## How to complete this task:
Could you restate the data below word for word, without its pictures?

## Information supplied:
--*--
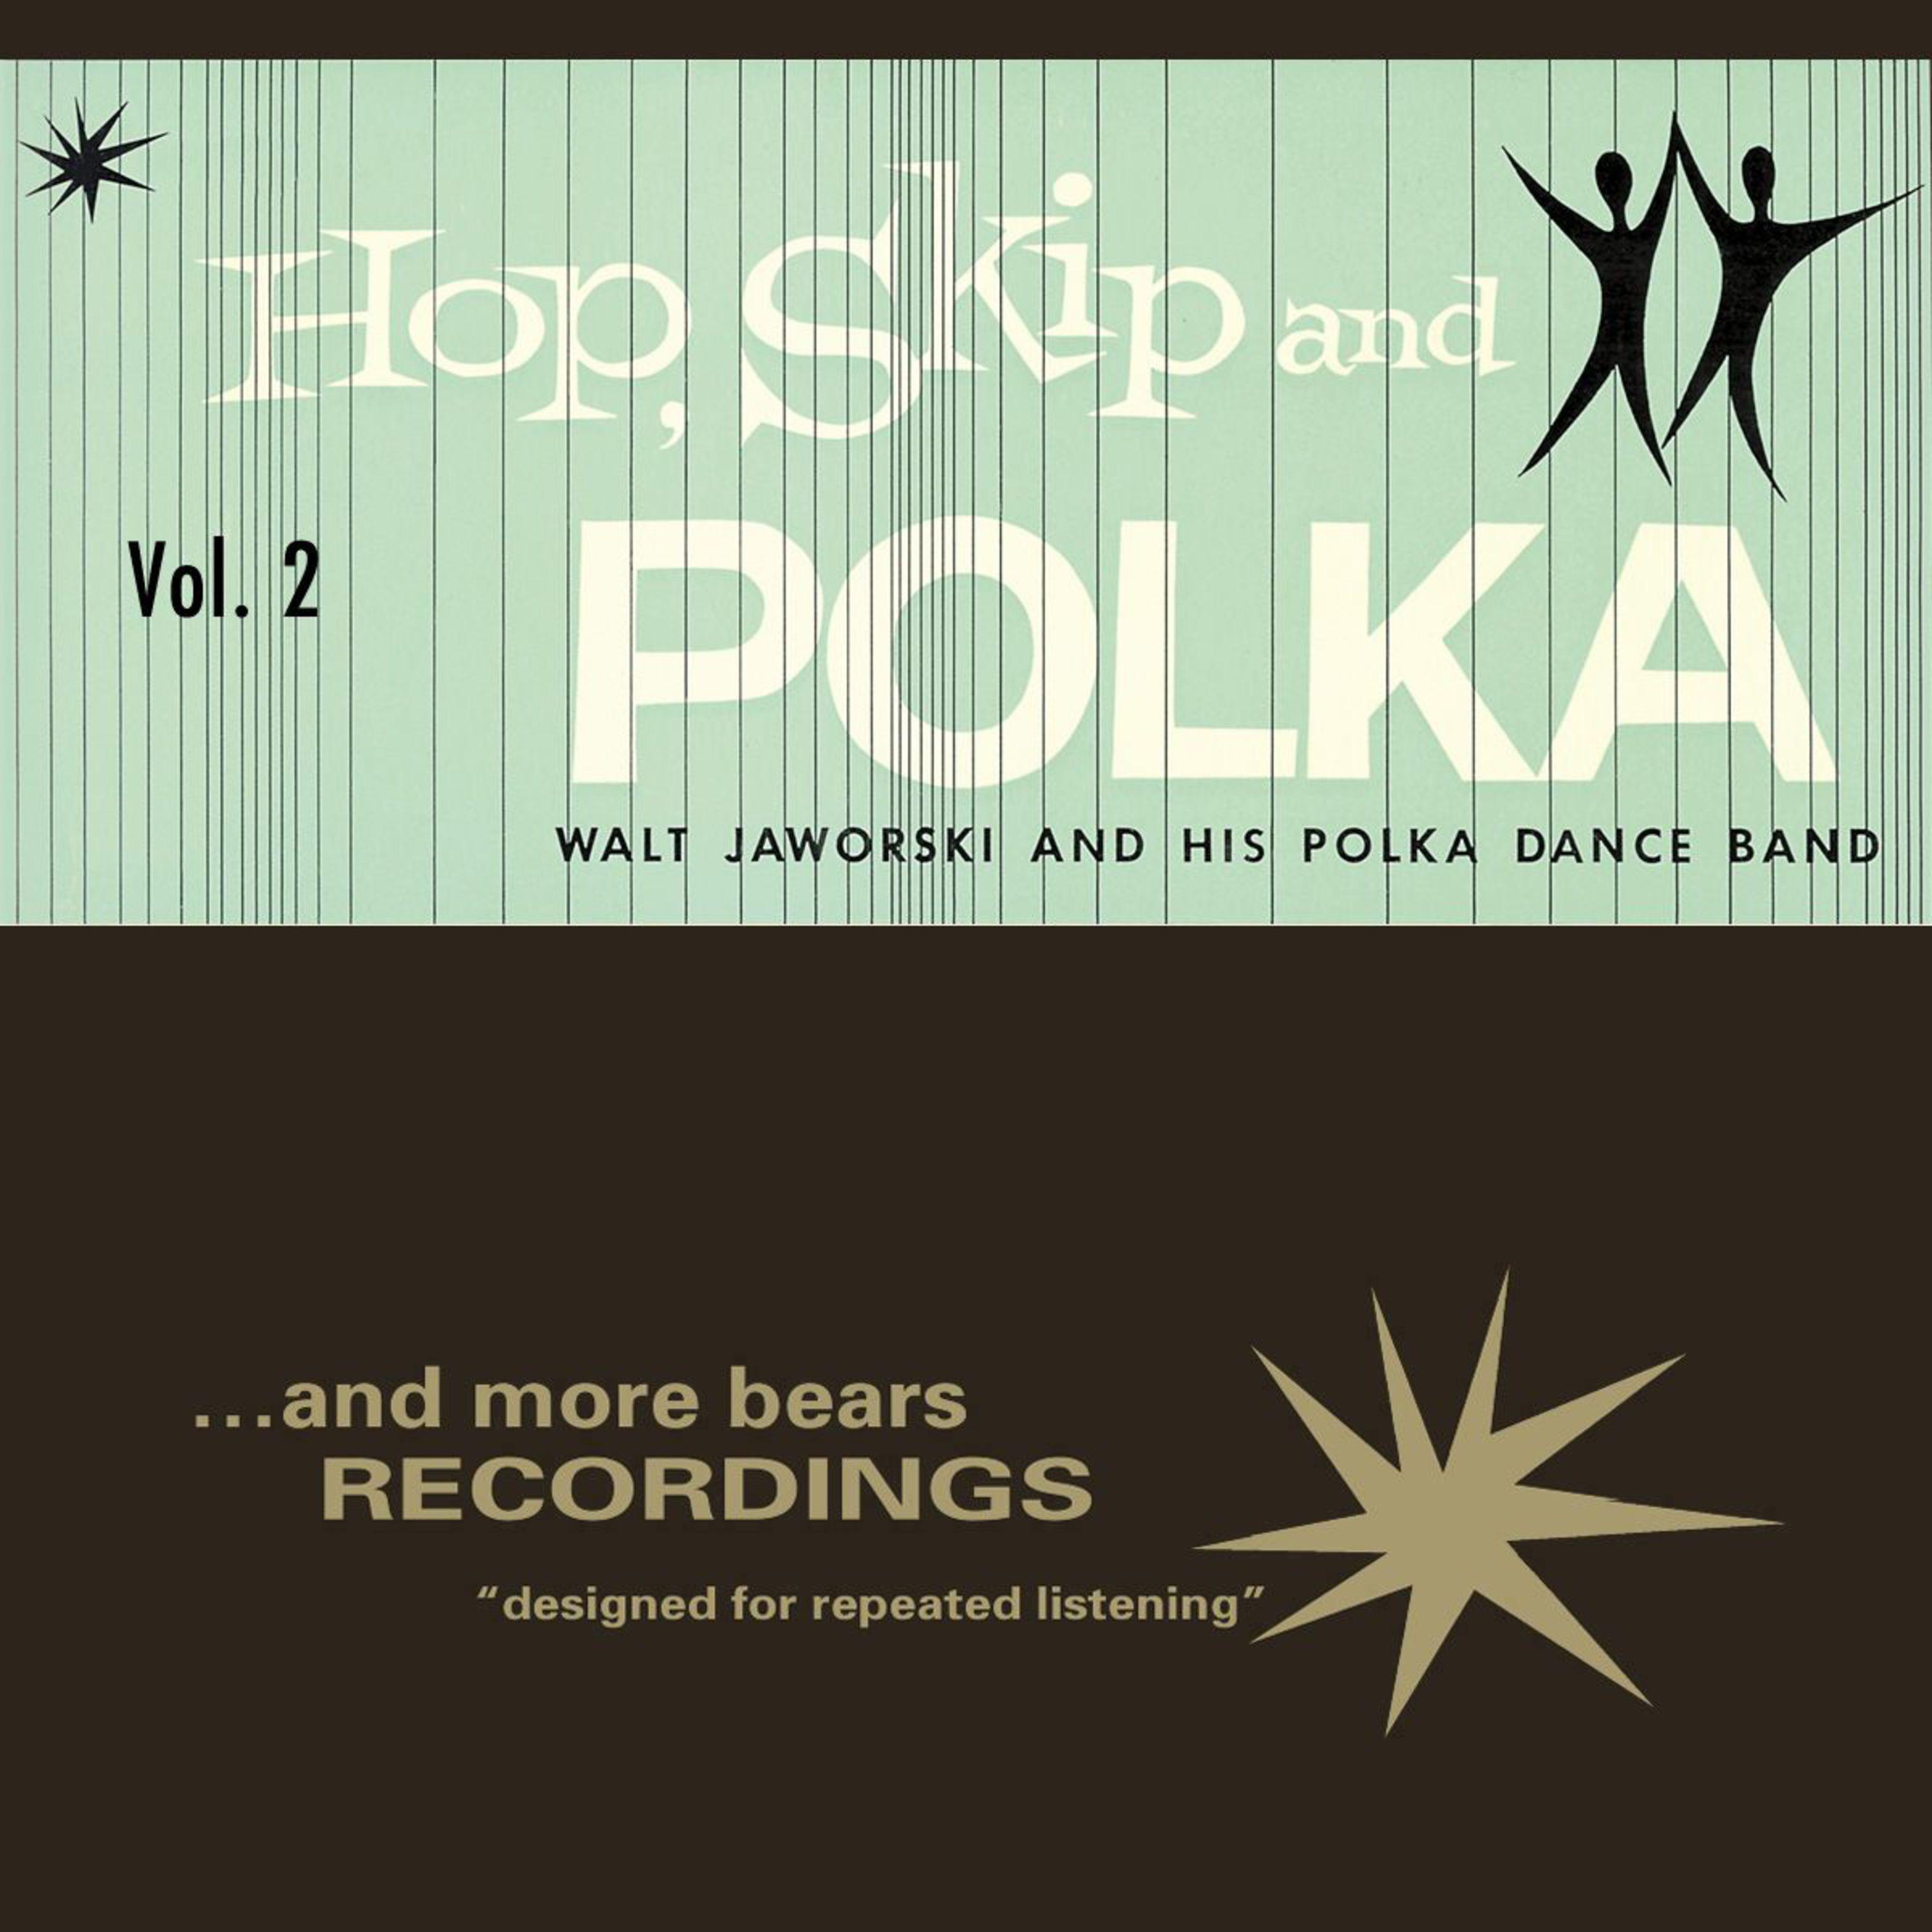 Hop, Skip and Polka, Vol. 2
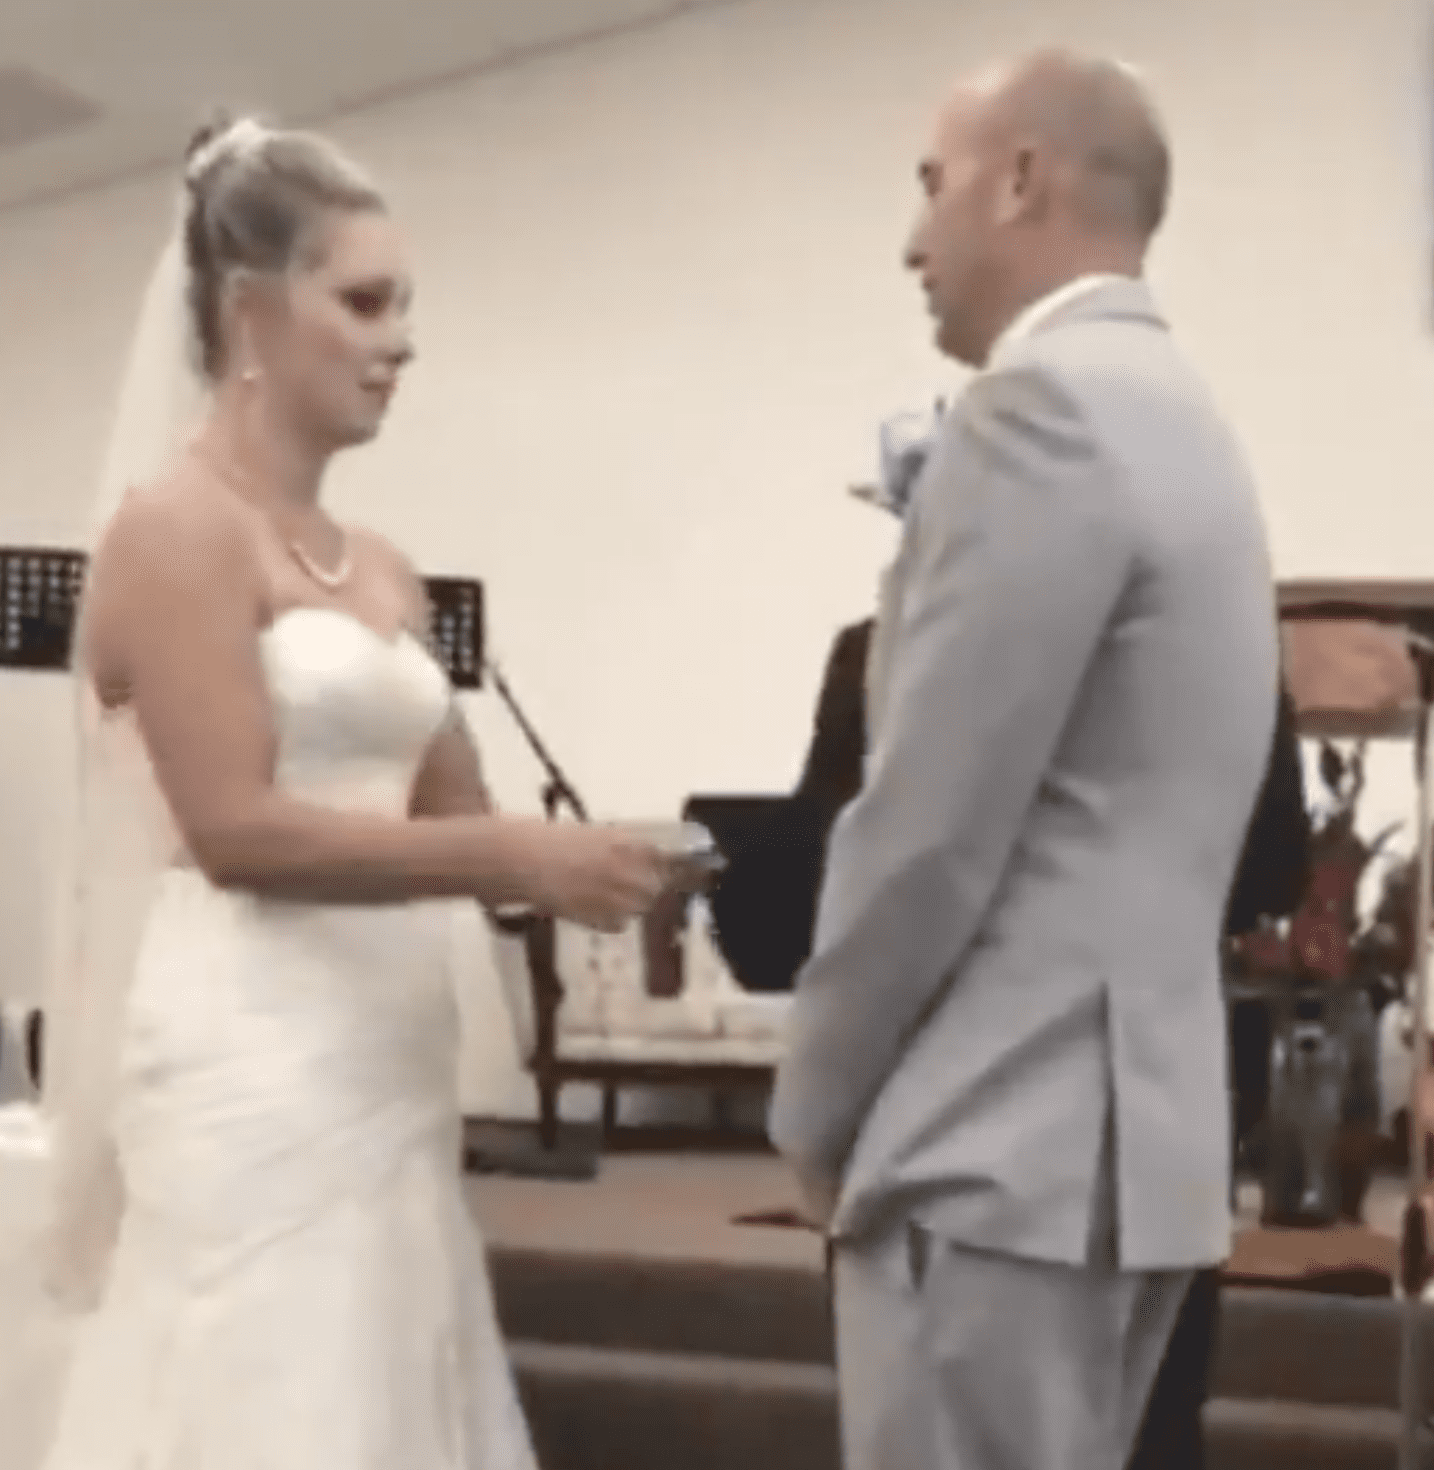 Eine Braut und ein Bräutigam teilen ihr Gelübde | Quelle: Youtube.com/JP Today News
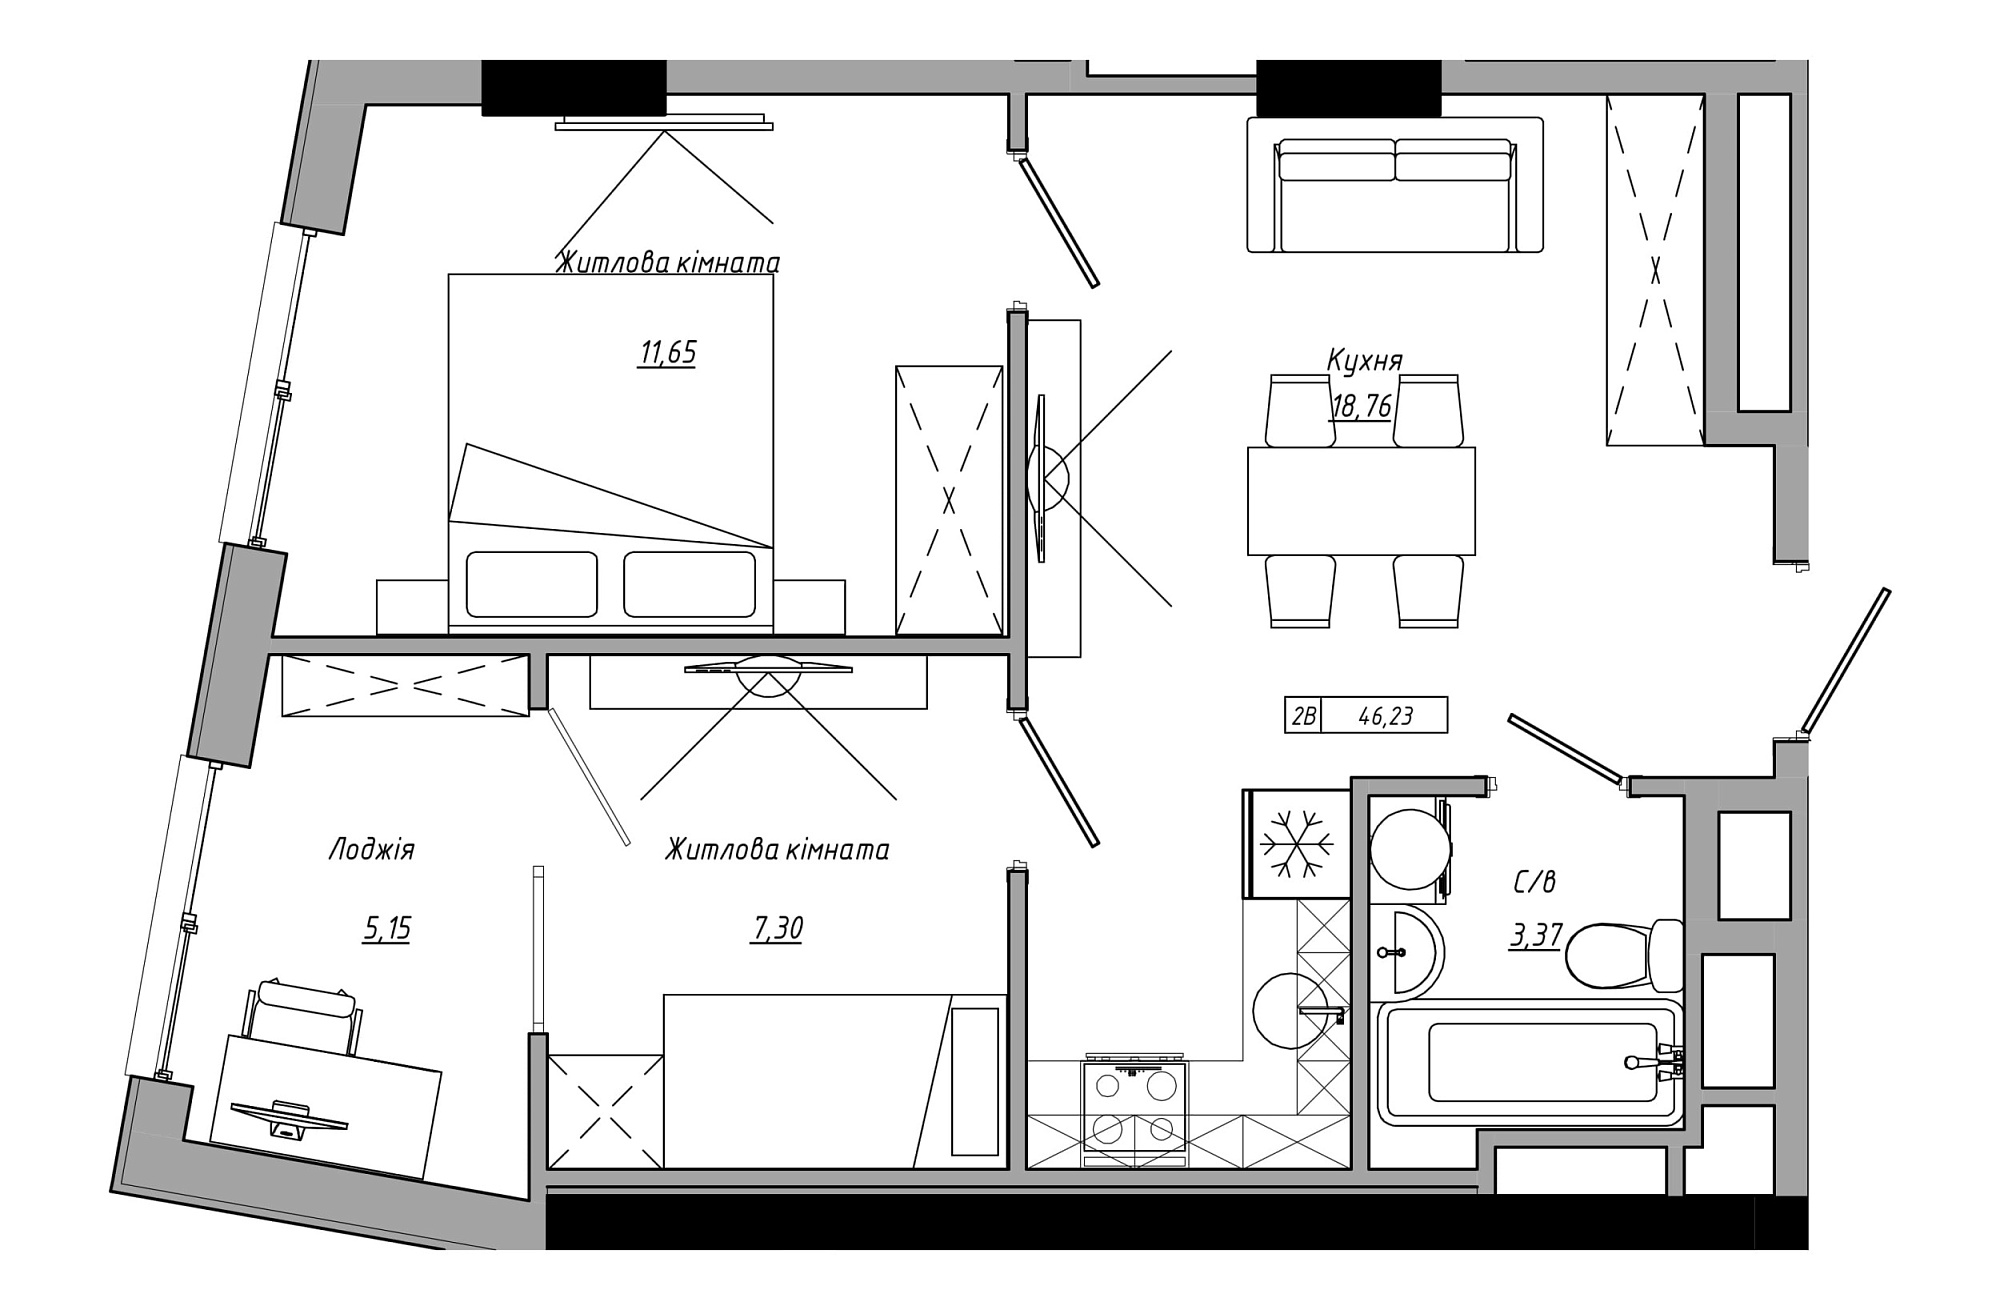 Планування 2-к квартира площею 46.23м2, AB-21-05/00008.
--*--
## Response below:
 Hop, Skip and Polka, Vol. 2
 Eine Braut und ein Bräutigam teilen ihr Gelübde | Quelle: Youtube.com/JP Today News
 Планування 2-к квартира площею 46.23м2, AB-21-05/00008.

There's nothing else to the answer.